Another piece of advice I would give myself...given that I didn't expect Metal Gear to be so successful: I would tell myself to make something that wouldn't be successful. It would have made things a lot easier. I don't mean to brag with what I'm about to say, but I'm always making adjustments and playing the games I make, and I think to myself, "This is too fun, this is going to make other jobs harder. I need to make it a little more boring, because it's just too good."
Are you cautious about making another game that could turn into a series?
For this, with Sony, we are working on a project that will be a new IP, of course, and I have no idea if it's going to be a series or not, but I want to make something that will have a big enough impact to become a series. By impact, I mean from the things that are unique to the game, the characters, and the world. This impact can lead into something outside of games, such as anime, manga, figures; something that is rich enough to expand.
Are you more interested in making a game with a really strong narrative, or really strong gameplay?
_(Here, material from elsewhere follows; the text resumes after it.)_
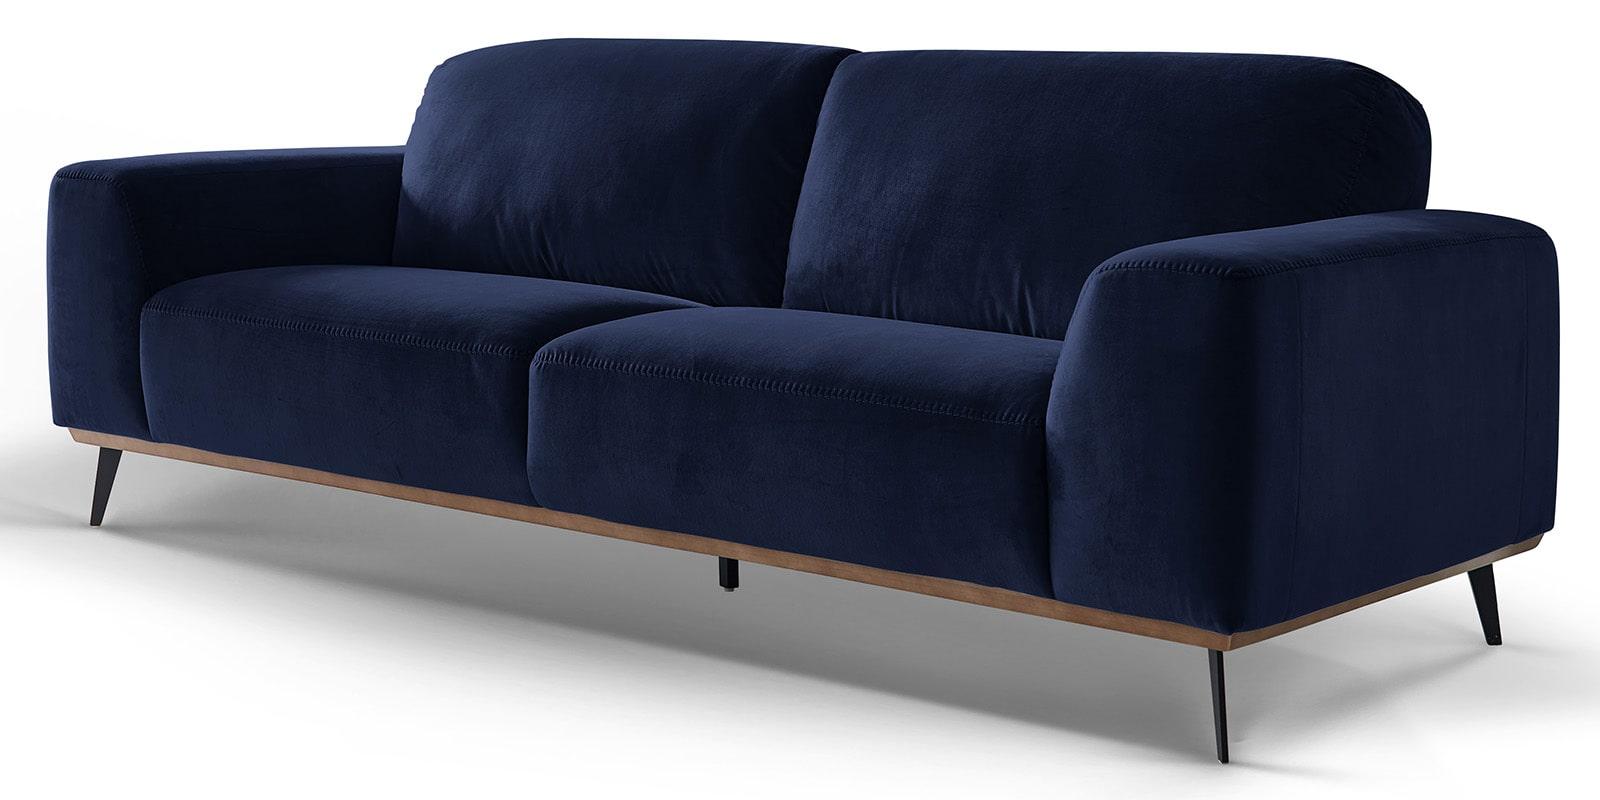 Moebella24 - 3-Sitzer - Sofa - Barcelona - Samt - Dunkelblau - Skandinavisches - Design - Punto - cavallo - Nähte - Detailaufnahme
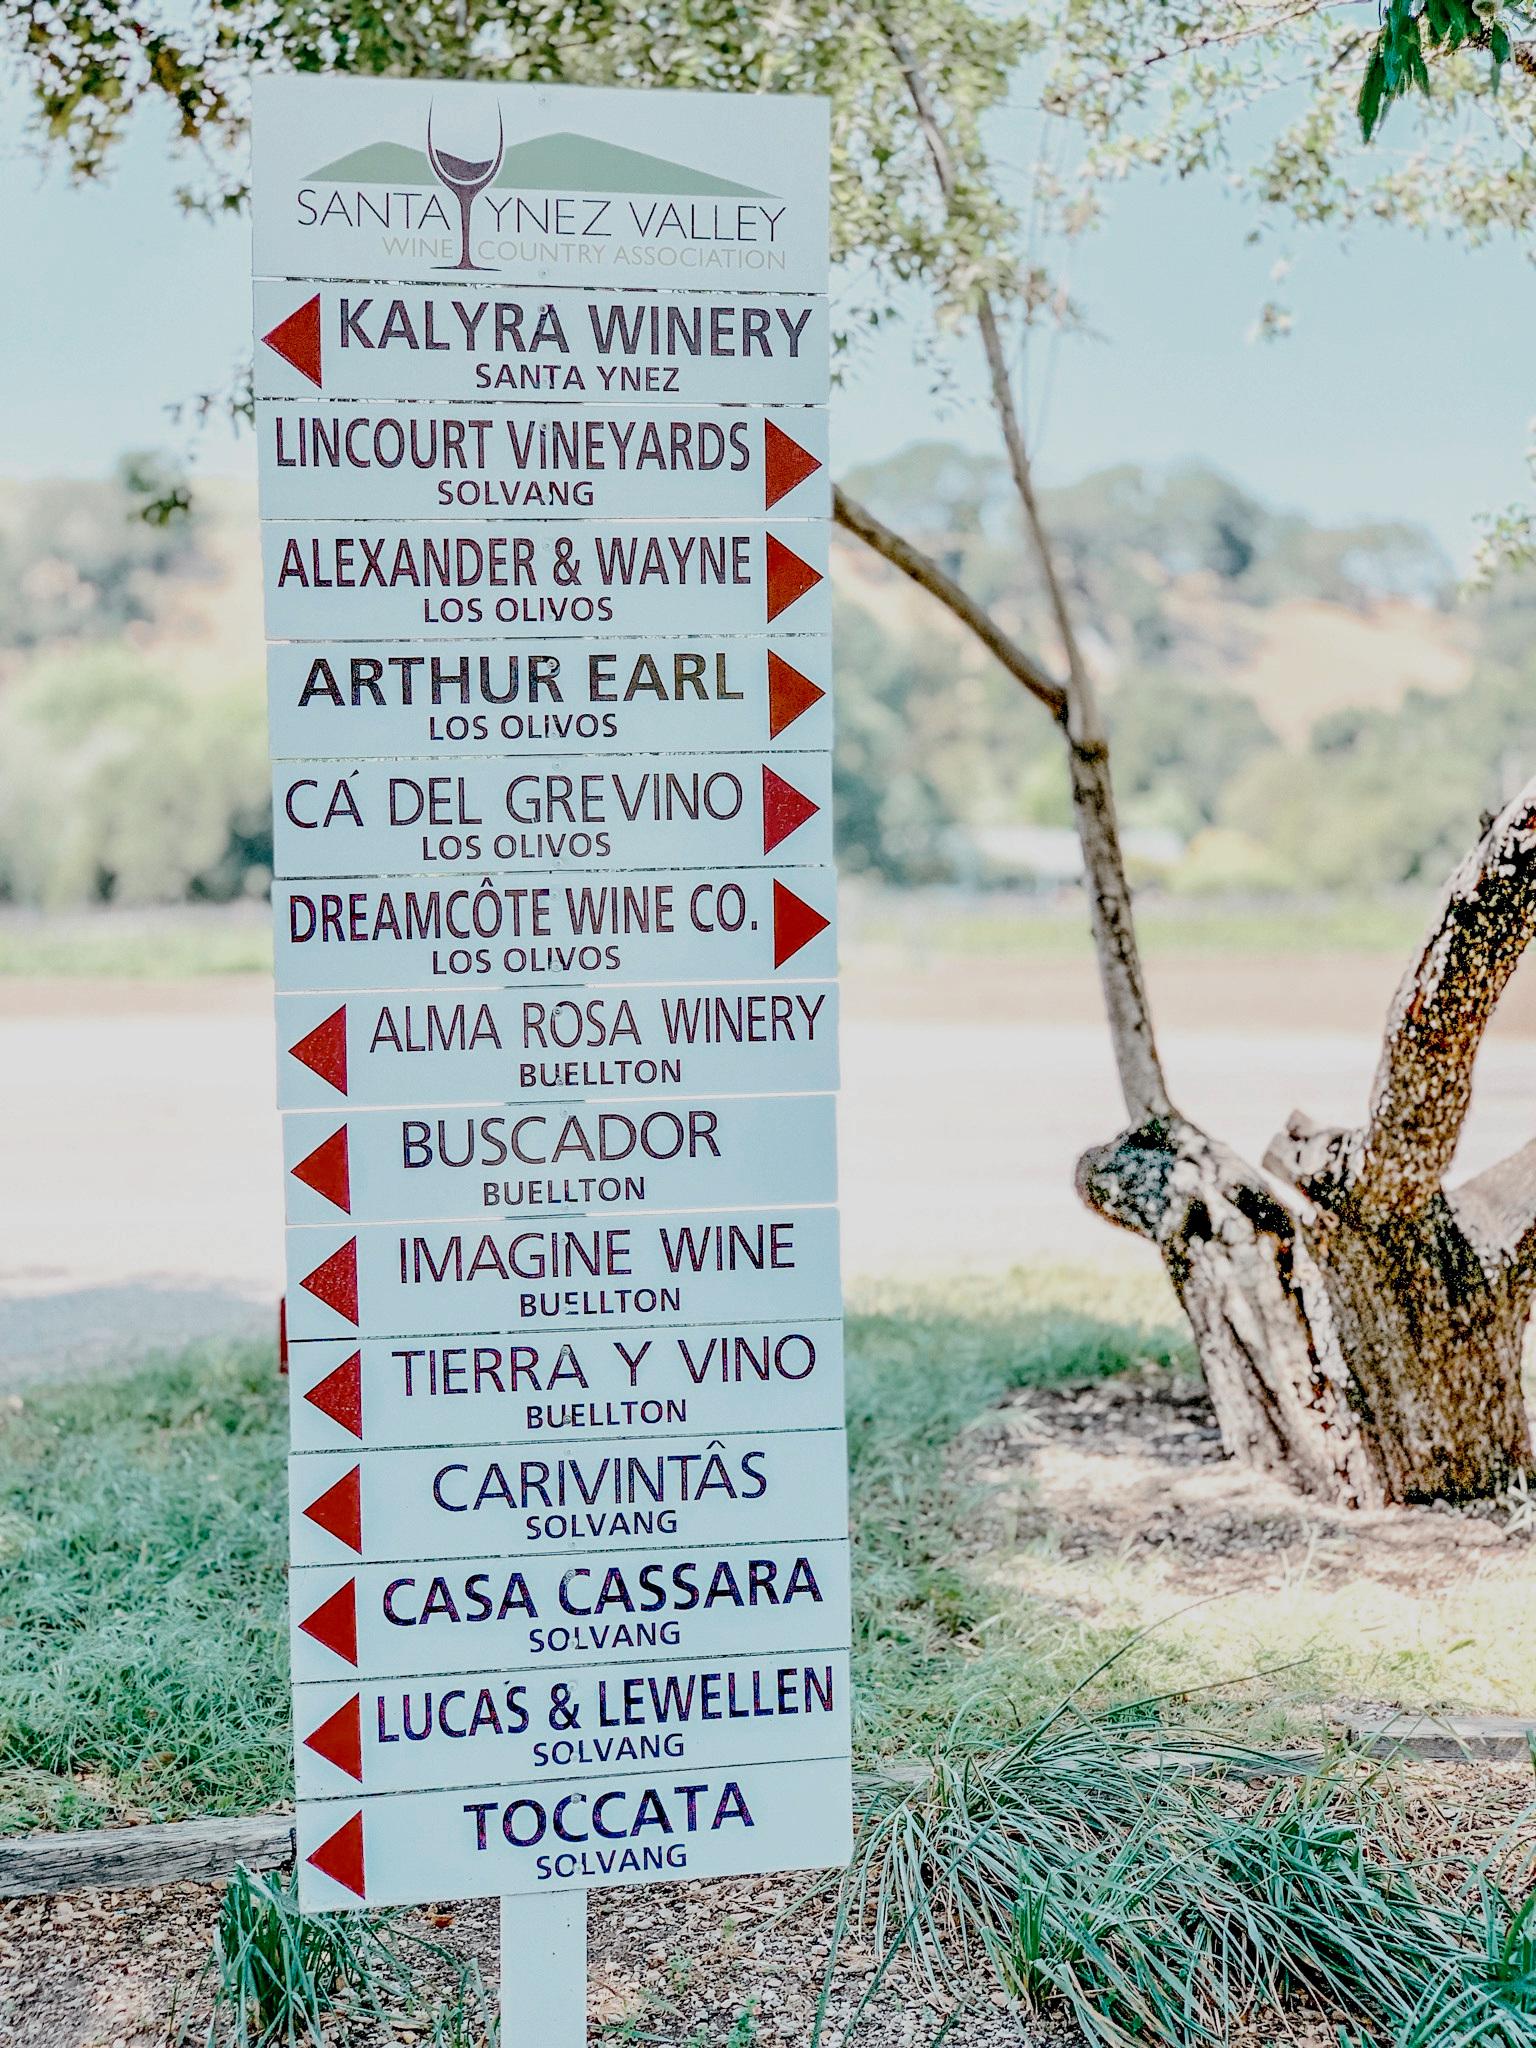 Buttonwood+Farm+Winery+%26+Vineyards+%7C+Santa+Barbara+Wine+Country+%7C+Erika+Beach

Both, because people expect both from me. I want to do something that gives a lot of freedom and interactivity. Like I did in the past, I want to make something that has a very strong, dramatic story. That's what people want from me and that's what I want to do. It would be so much easier if I could give priority to one or the other, but people expect both from me. At this point, it would be easier to make a linear game, but that's not...
It's risky, because we're just starting up, so it probably would be better to go with something smaller-scale, maybe linear, but Sony is supporting us to make a big game that's edgy with a strong story that gives the player a lot of freedom, with new elements, and I don't know if that's possible. But we'll see.
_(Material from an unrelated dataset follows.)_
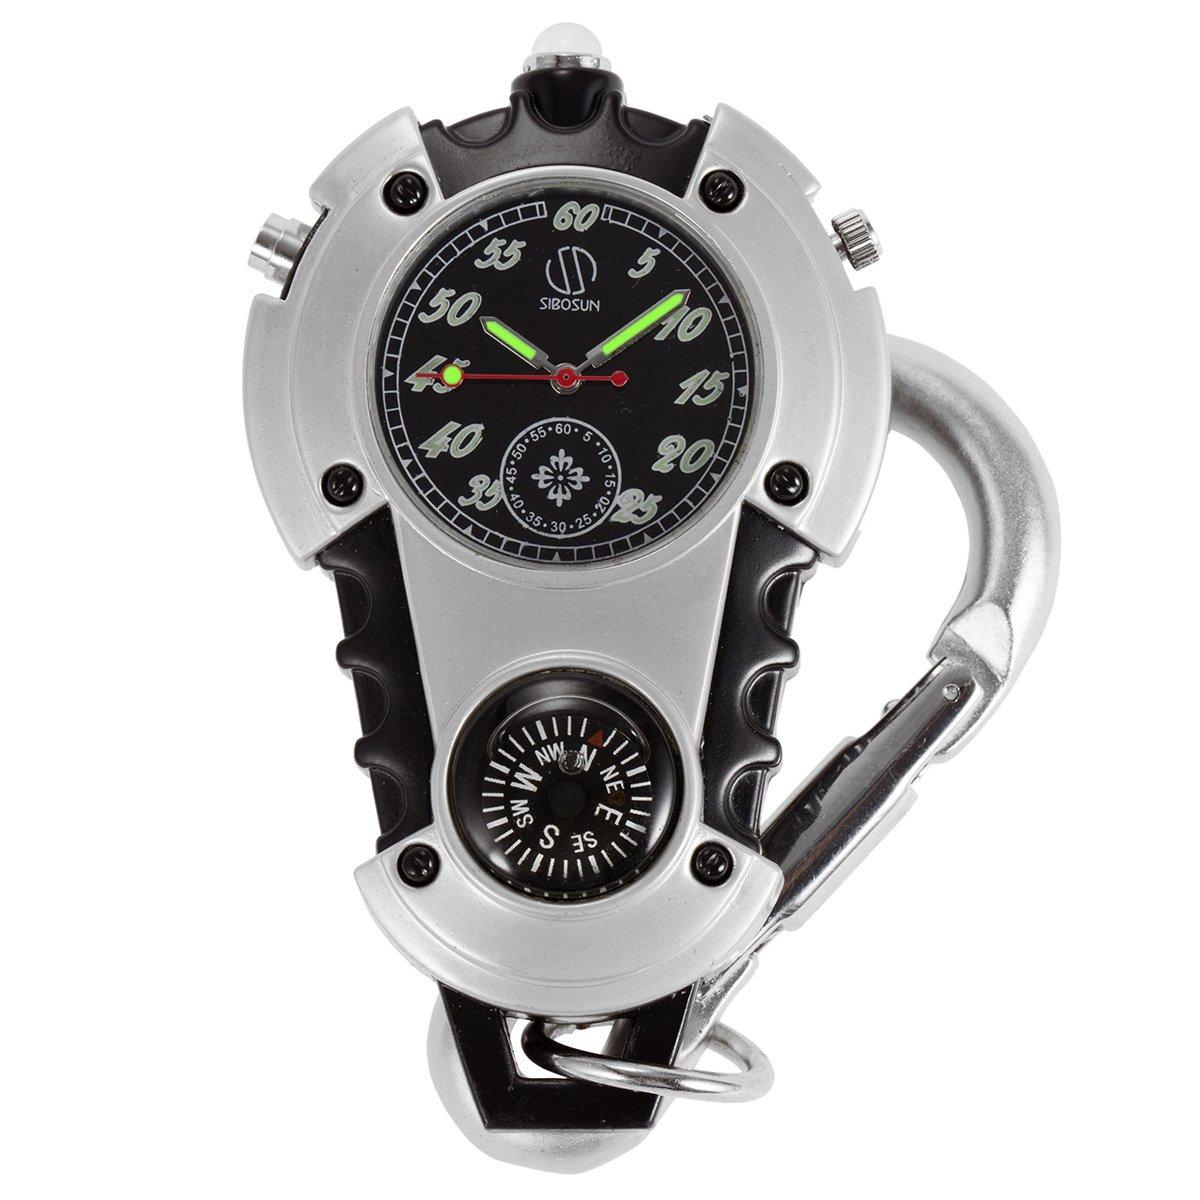 SIBOSUN Watch Company Mini Clip Microlight Nite Glow Luminous Clip on Pocket Watch Black

Will your next project be a collaboration with another creator?
At this point, fans are expecting a game that's mine, with 80-90 percent of my blood in it, so I would like to make collaborations, but that would lower the density of my identity in this game. Collaborations should be for other projects.
People make a lot of assumptions about you; what's the biggest misconception?
A lot of people say that I spent too much money or take too much time, but that's a misconception. My last project was late about five or six months, but I've always kept my word on timelines and budget. For example, I do take three to four years to make games, but that's the plan from the start.
I take a lot of time because I create my own teasers, posters, and I work on how to create the box for sales. Japanese creators are famous for being loose with schedules, and I think people put me in that category, but it's not reality. In my case, I'm a director and a producer, so I have to stay aware of production and the budget.
Lastly, how is your beard working out?
I'm not used to it, so I think about shaving it every day. In becoming an independent and creating my own studio, I wanted to change something about my look. I've received a lot of positive comments from people outside Japan about my beard, but inside Japan, beards have a bad image. People think, "You look old, you look tired." My kids definitely don't like it.
Thank you for taking the time to chat with us today, and congratulations on your upcoming award.
Thank you. I'm really glad I can now have a decent, normal interview. It just feels so good.